- INSTRUCTIONS FOR THE TASK -
Exact copy, no pictures: output each line below as it stands.
START MATERIAL PROVIDED
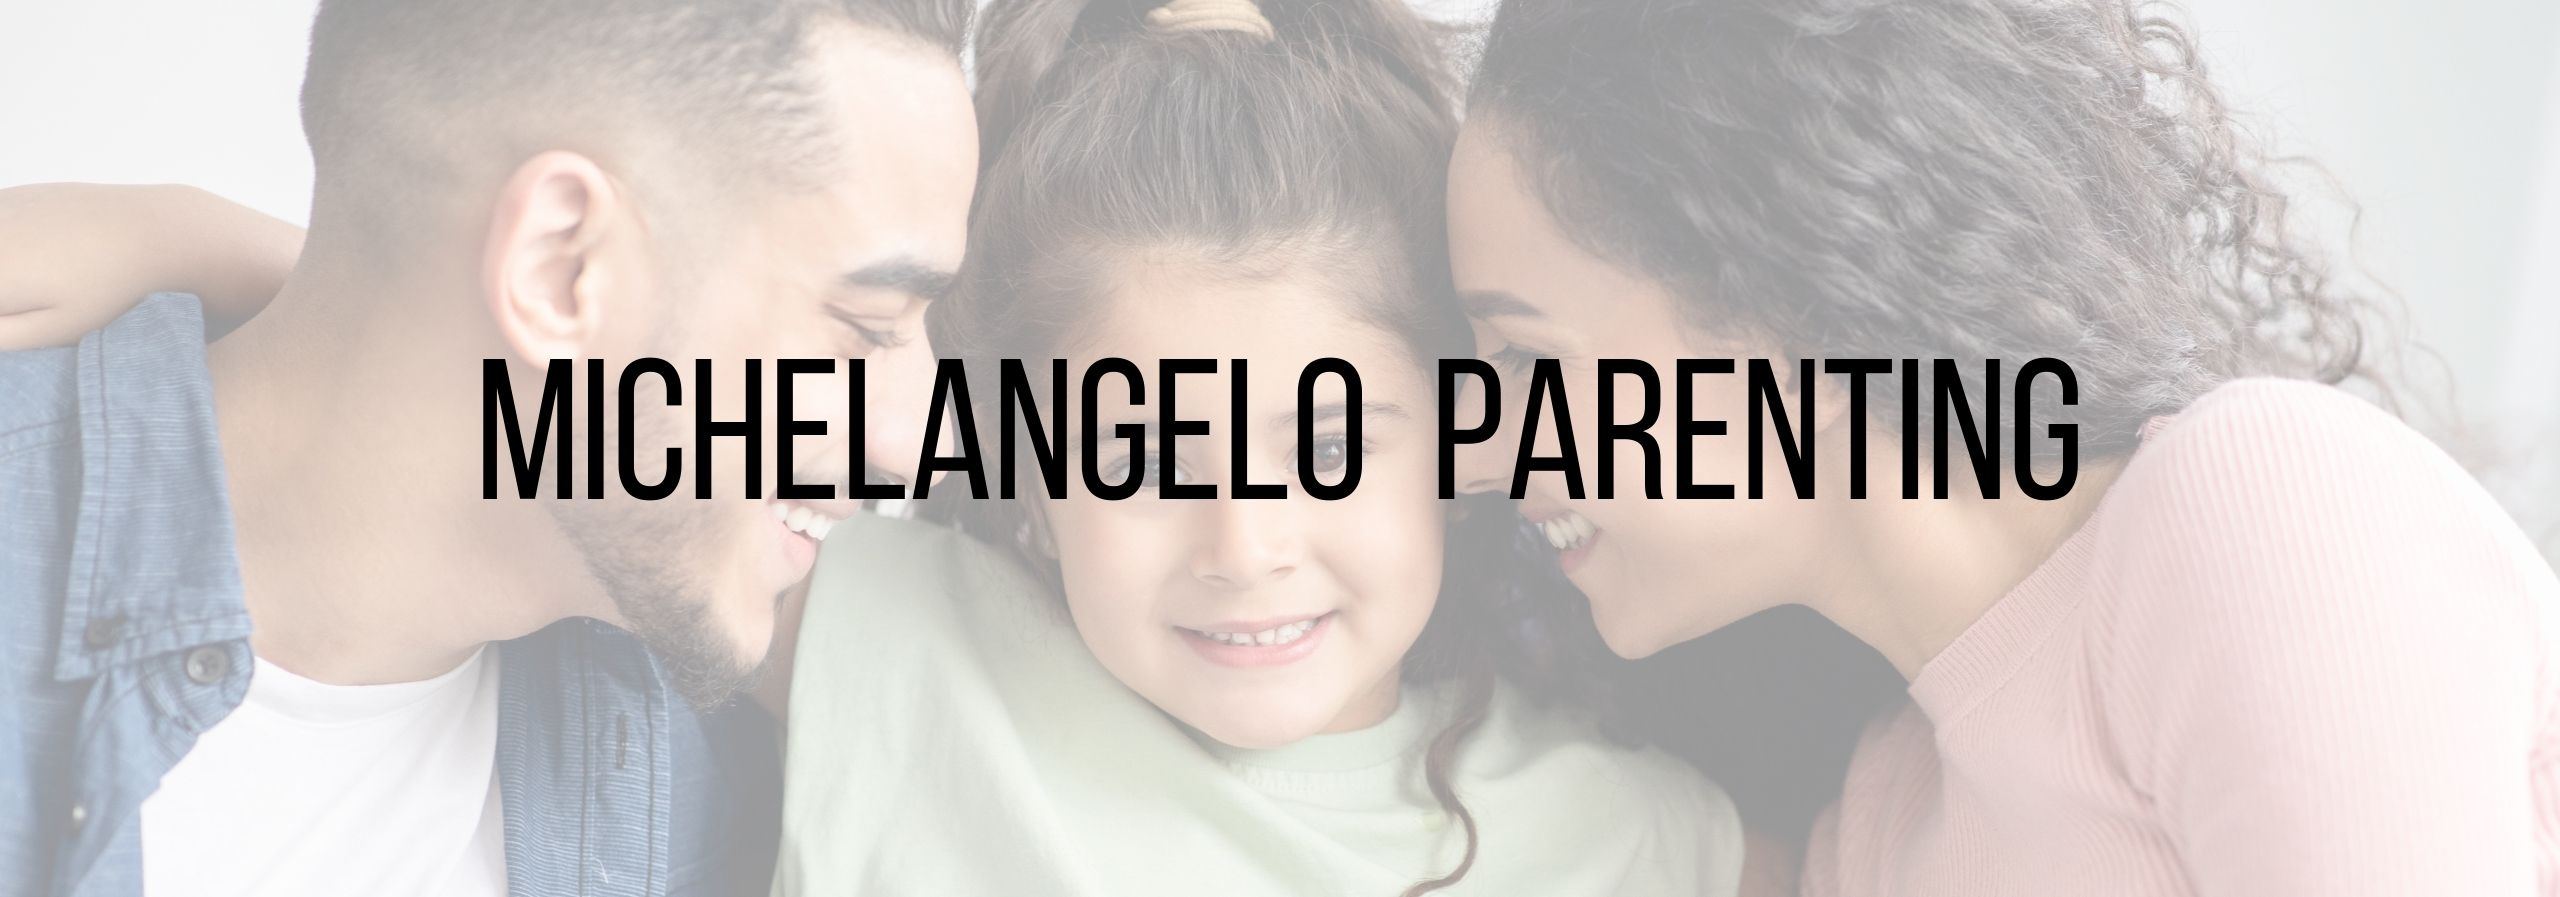 Michelangelo Parenting
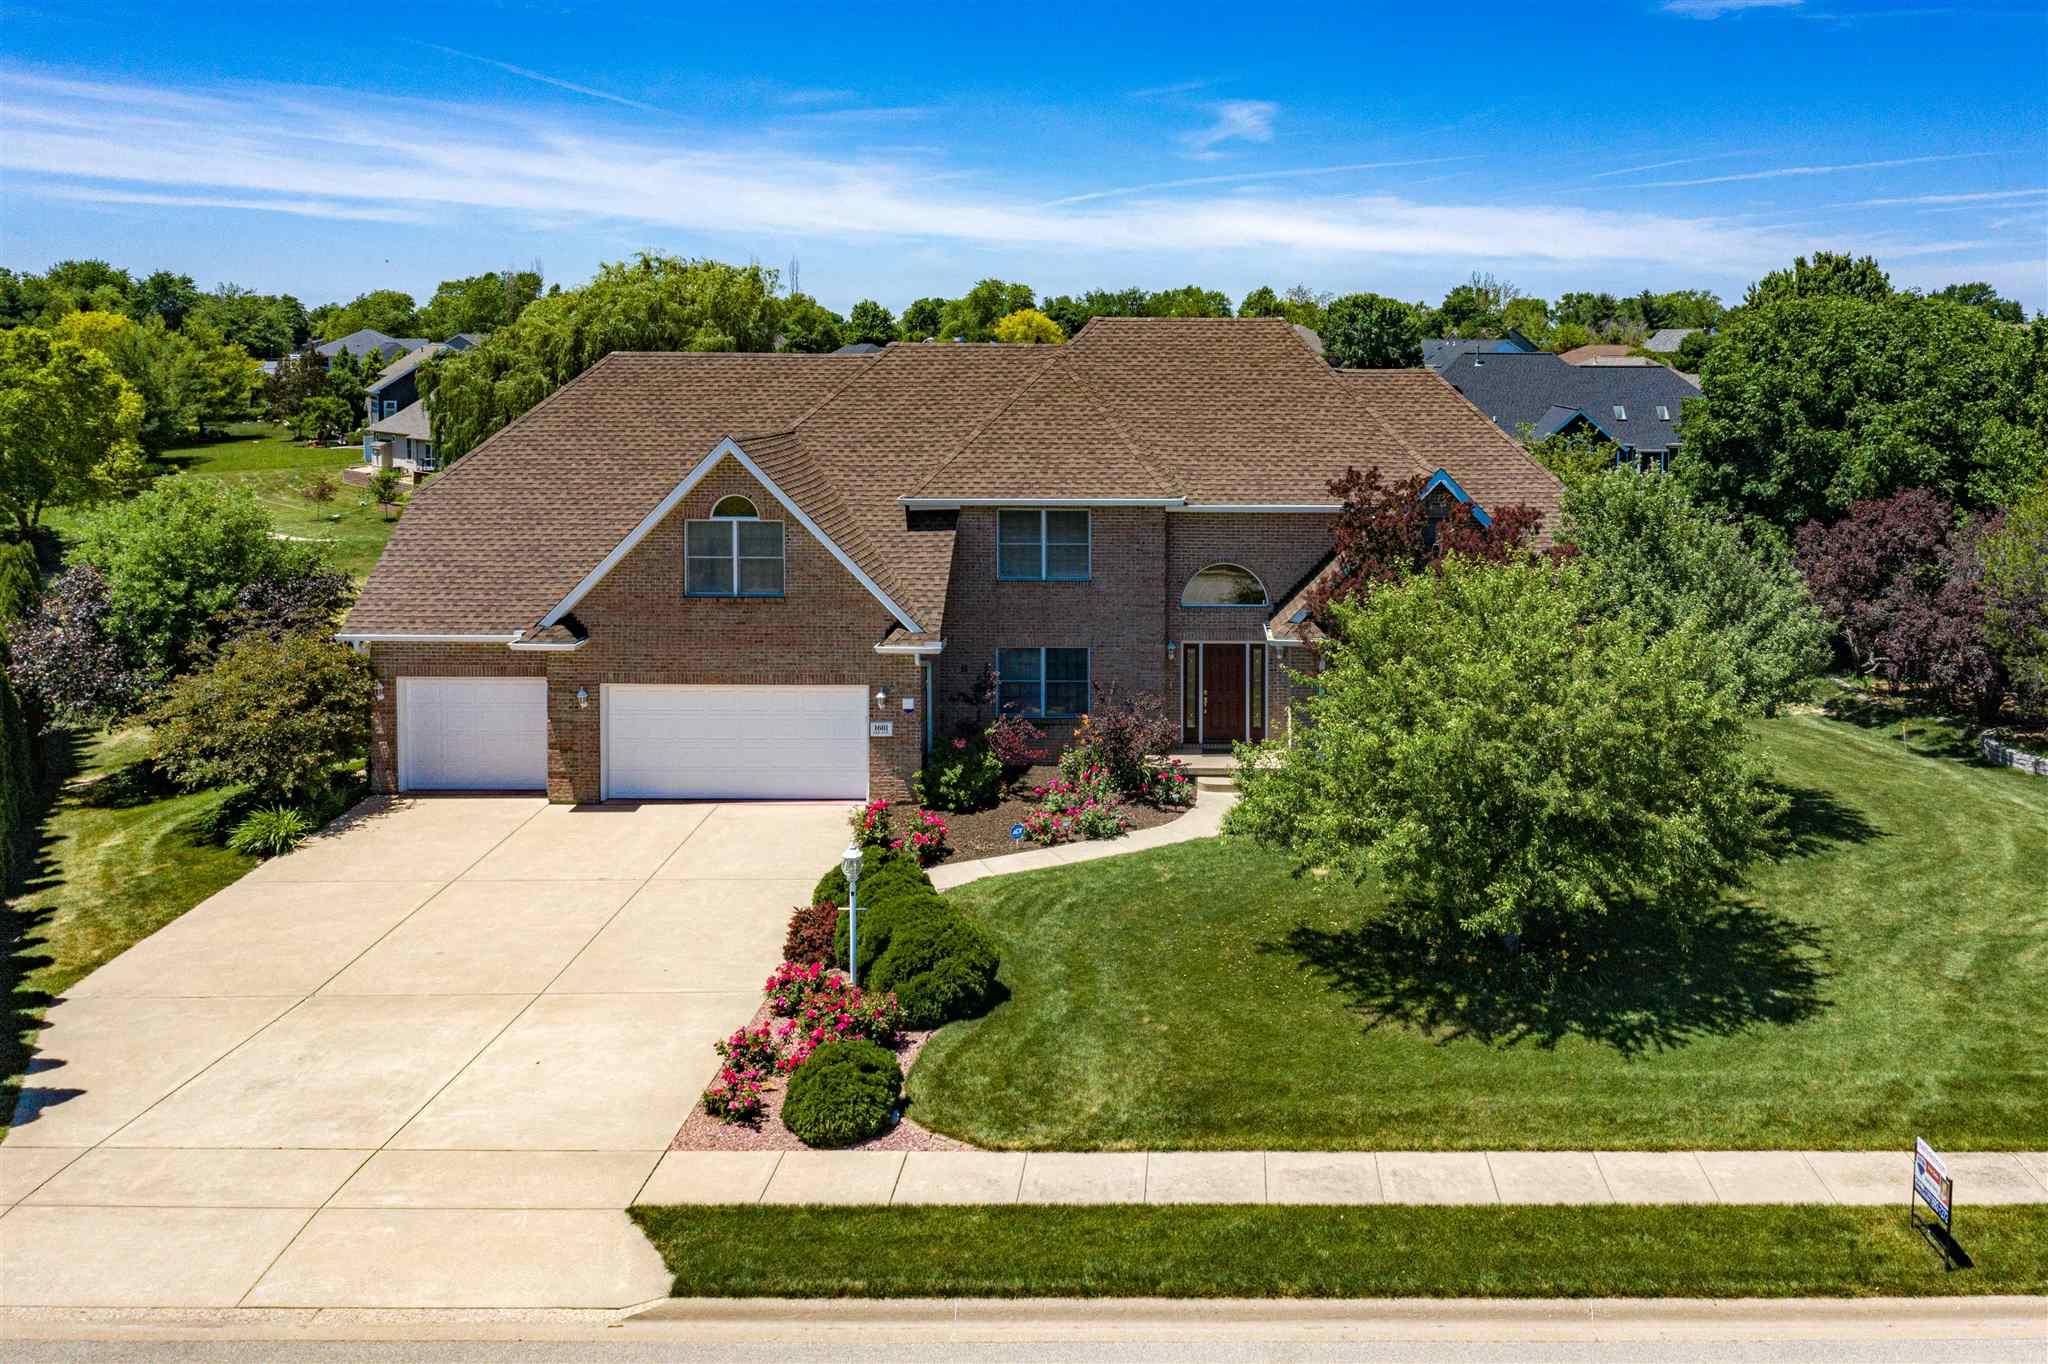 1601 S LEE Property Photo - Morton, IL real estate listing
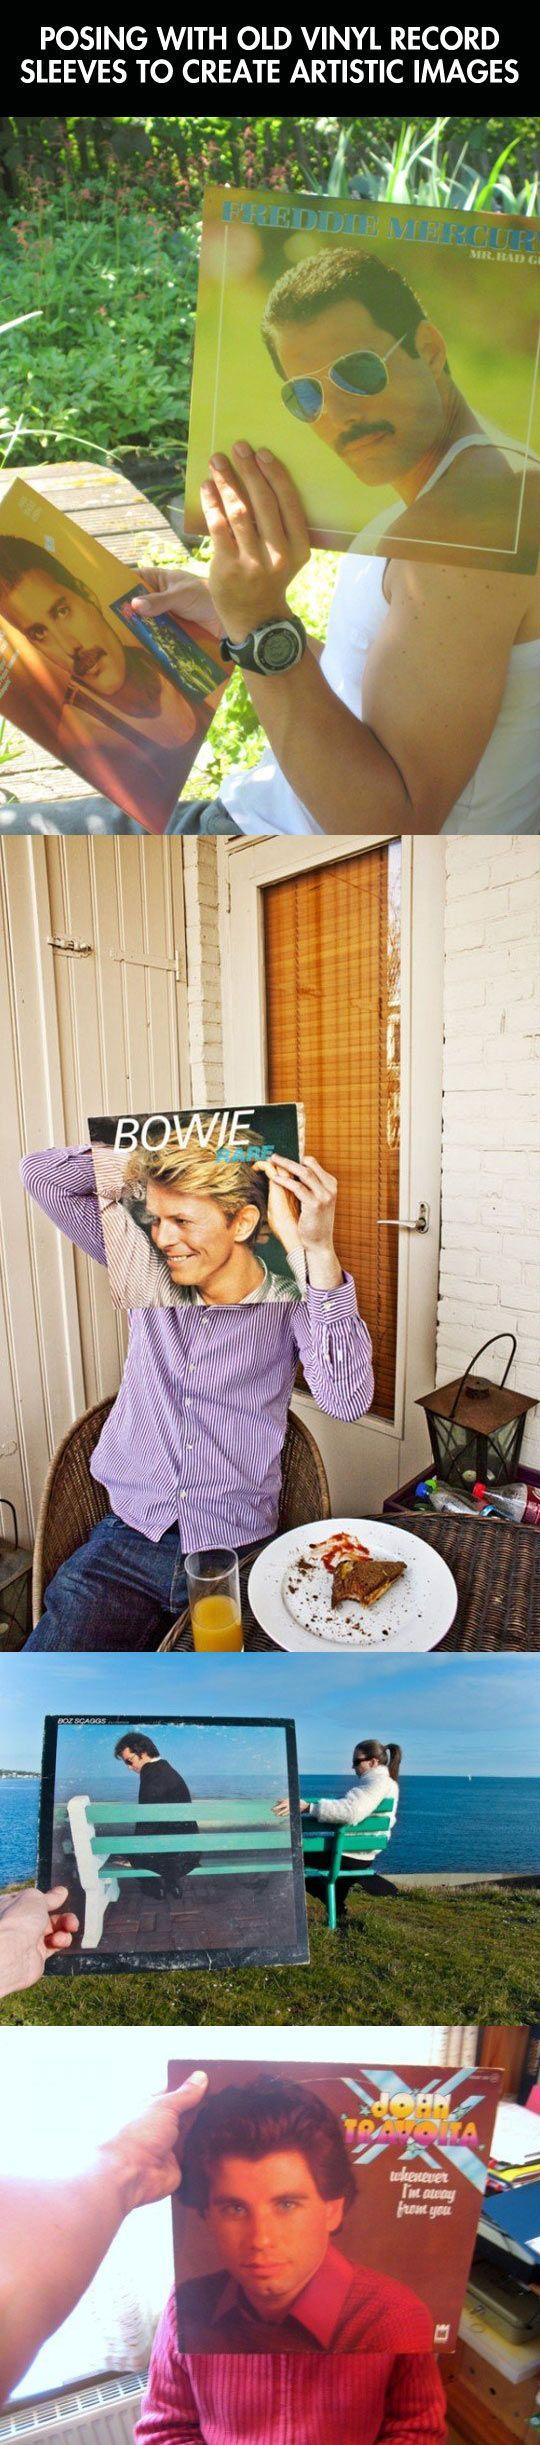 Posing with vinyl records…
END MATERIAL PROVIDED
- WRITTEN RESPONSE -
 Michelangelo Parenting
 1601 S LEE Property Photo - Morton, IL real estate listing
 Posing with vinyl records…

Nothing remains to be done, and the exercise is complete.